10 Downing Street site creates controversy with 'Benjy is a prat' prank and spoof Clarkson video

The 10 Downing Street website has been re-launched to incorporate a range of social media elements. It now aggregates the 10 Downing St Twitter, the 10 Downing Flickr profile, e-petitions and the Ask Gordon Brown / 10 Downing Street YouTube account. David Cushman and Dan Calladine have gone into more depth on the Downing Street site relaunch.

Whilst the new interactive elements of the 10 Downing Street site aim to revitalise the site, some of the new content has created controversy.

On launch, the site contained a post about No.10 aide Benjamin Wegg Prosser saying "PM backs Benjy in 'prat' row. The page also included a picture of Harry Potter who allegedly bears resemblance to Mr. Wegg Prosser. The page has been deleted from the site but is still in Google's cache:

Screengrab from the 10 Downing Street site showing the 'PM backs Benjy in prat row' post (click for larger image)

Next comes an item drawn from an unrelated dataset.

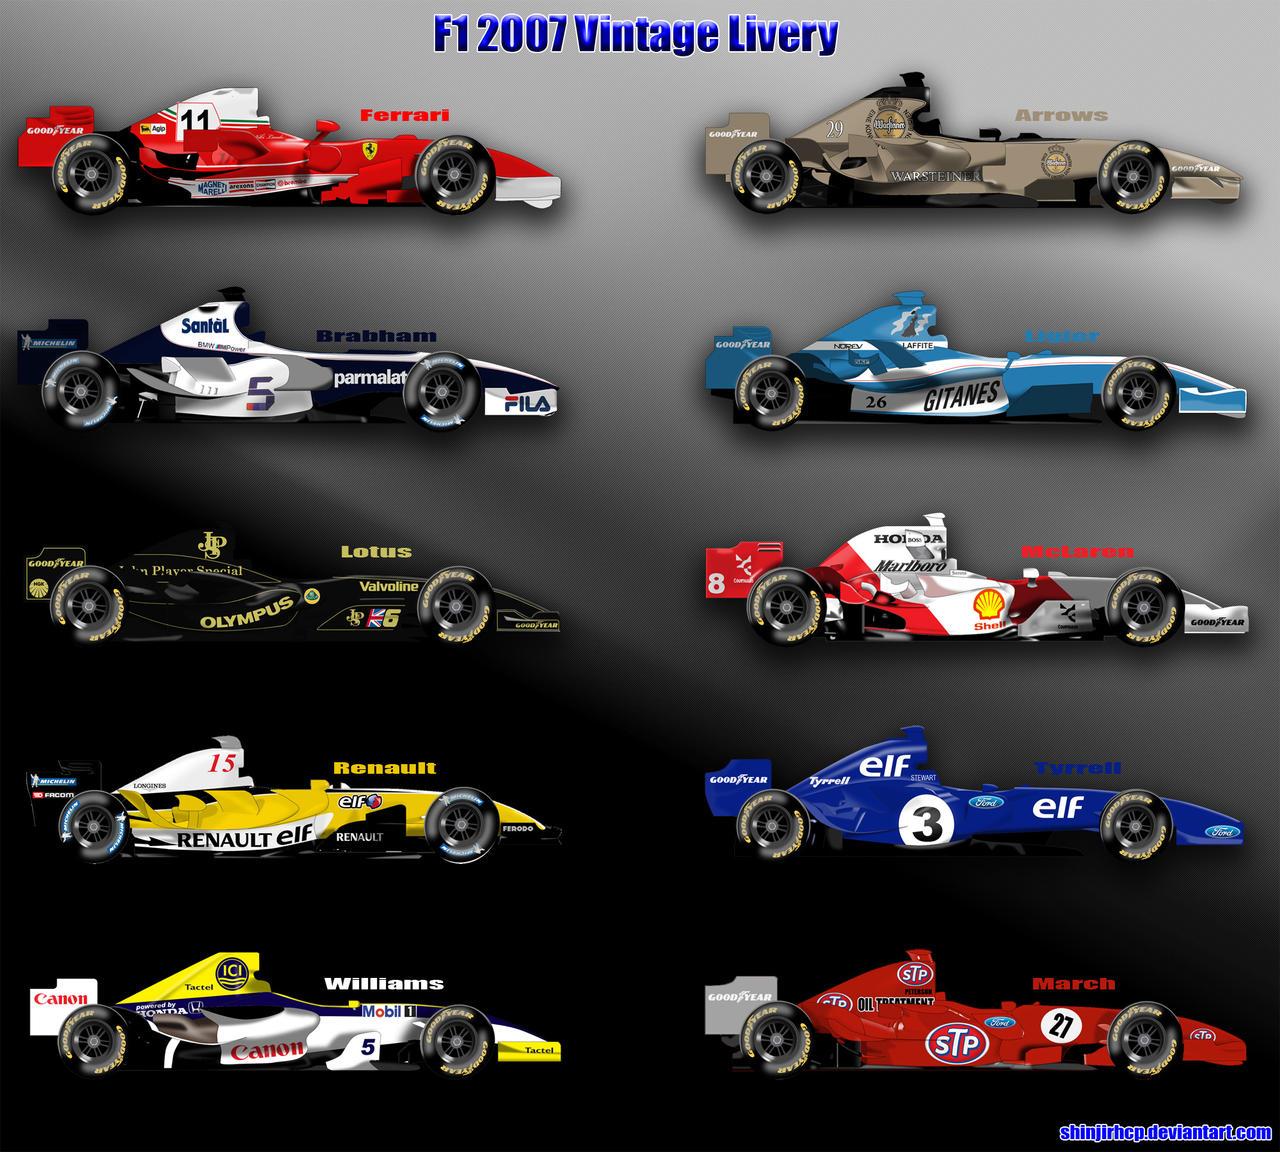 F1 2007 Vintage Livery by ShinjiRHCP
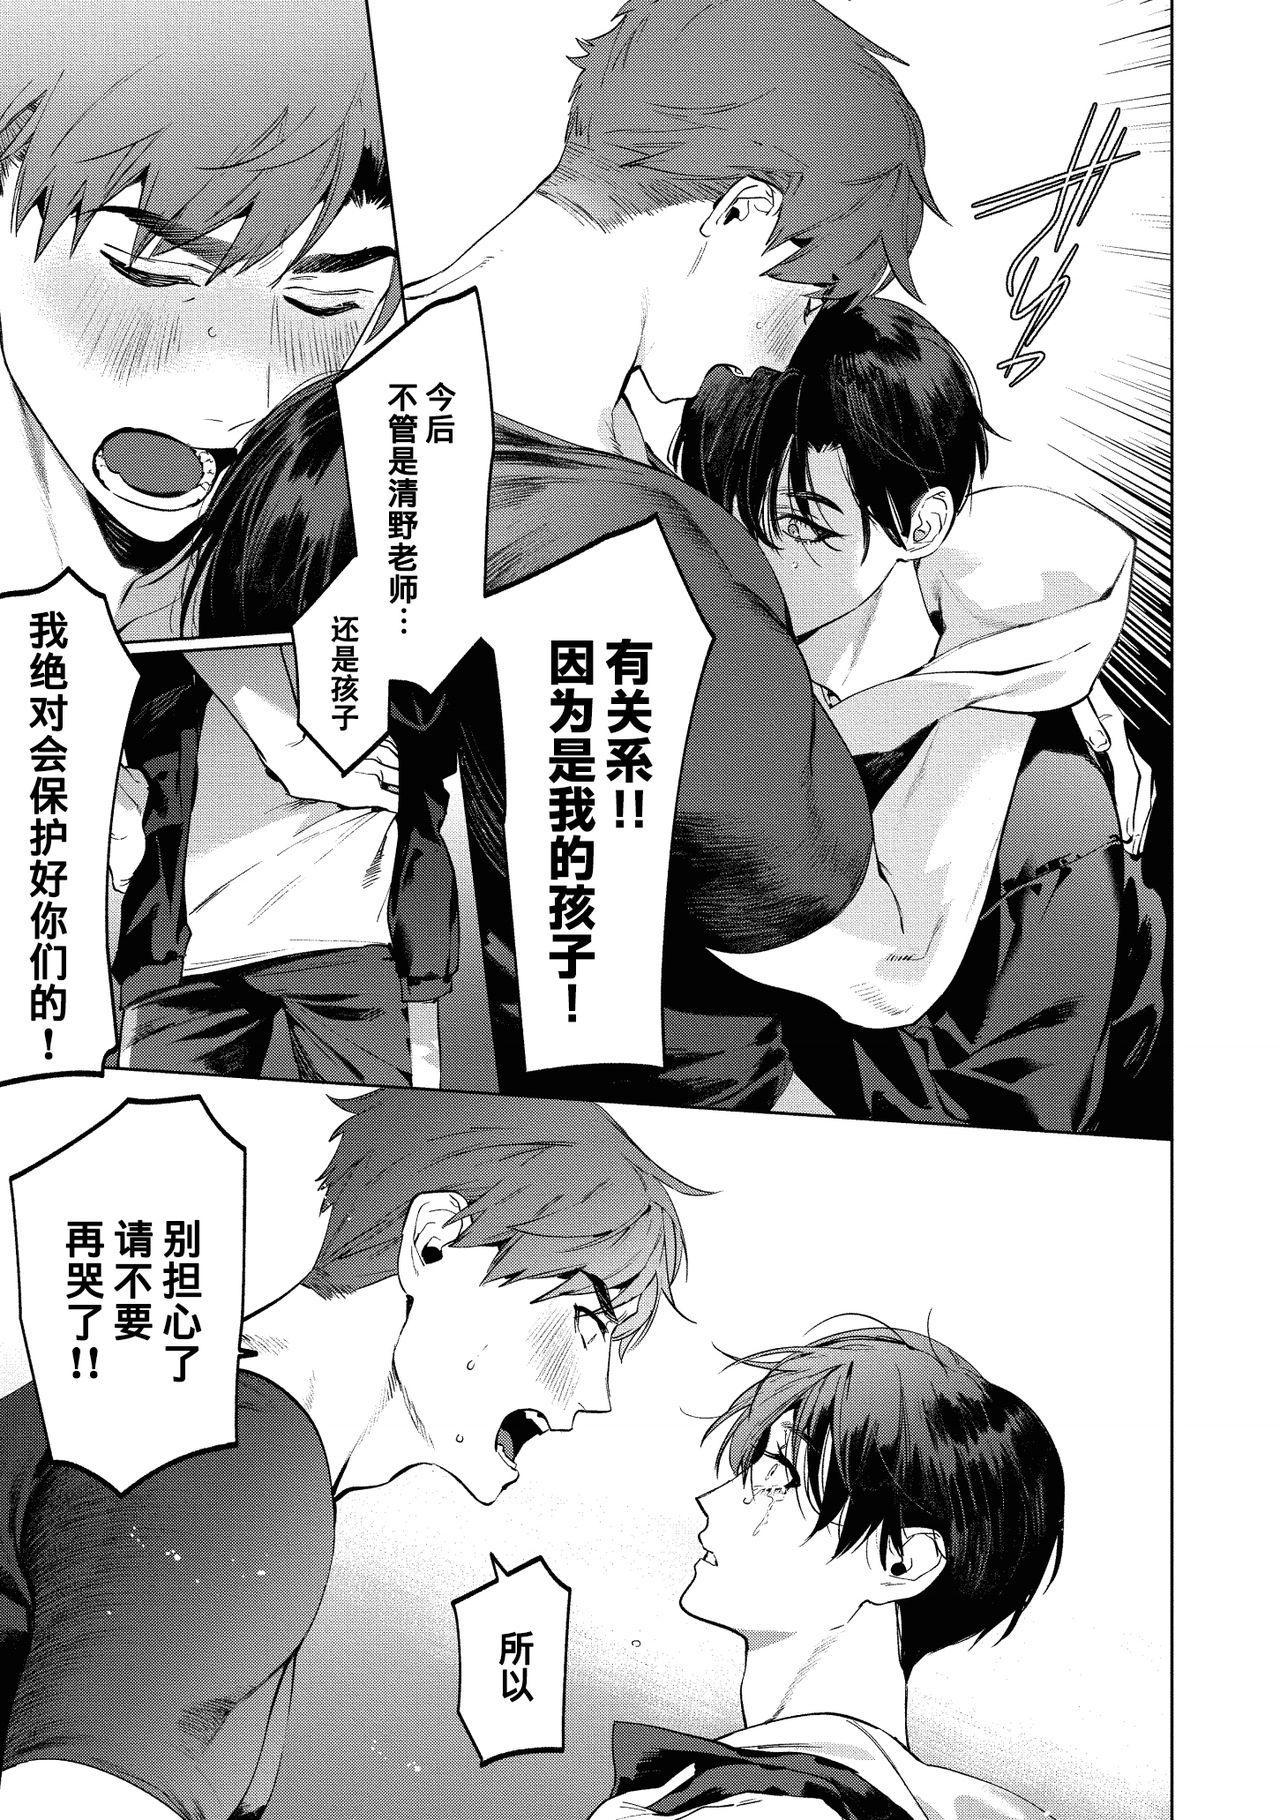 Sensei wa Benki ja Arimasen.3 | 老师不是便器。3 22

If you enter the page address the 'PM backs Benjy in prat row' page no longer exists, however if you enter the address into Google and then click the 'cached' link beneath the result you can still see it:

The negative publicity has continued with widespread criticism of the latest video to be uploaded to the 10 Downing Street site. Number 10 have created a video response to the e-petition calling for Jeremy Clarkson to be Prime Minister:

The Clarkson Prime Minister film has been defended by Downing Street as a bit of fun that someone made in a 'spare half an hour' - though I think it would have taken significantly longer than half an hour to film it, edit it, upload it to YouTube and then link it back to the 10 Downing Street homepage. Either way I'm not sure this is the sort of content that should be running on the Downing Street site? Gordon Brown in Afghanistan, PM calls for Russian ceasefire, amusing video about Jeremy Clarkson, Government crackdown on youth knife crime........

I think it's great that number 10 is opening up a bit more and sharing information from behind the scenes through Twitter, Flickr and YouTube. However, whilst the 10 Downing Street site should be a powerful vehicle for Gordon Brown to engage the electorate, it won't work if the staff behind it continue to indulge in internet jolly japes - the number 10 website needs to focus on delivering unique insight and behind the scenes information from inside the workings of government.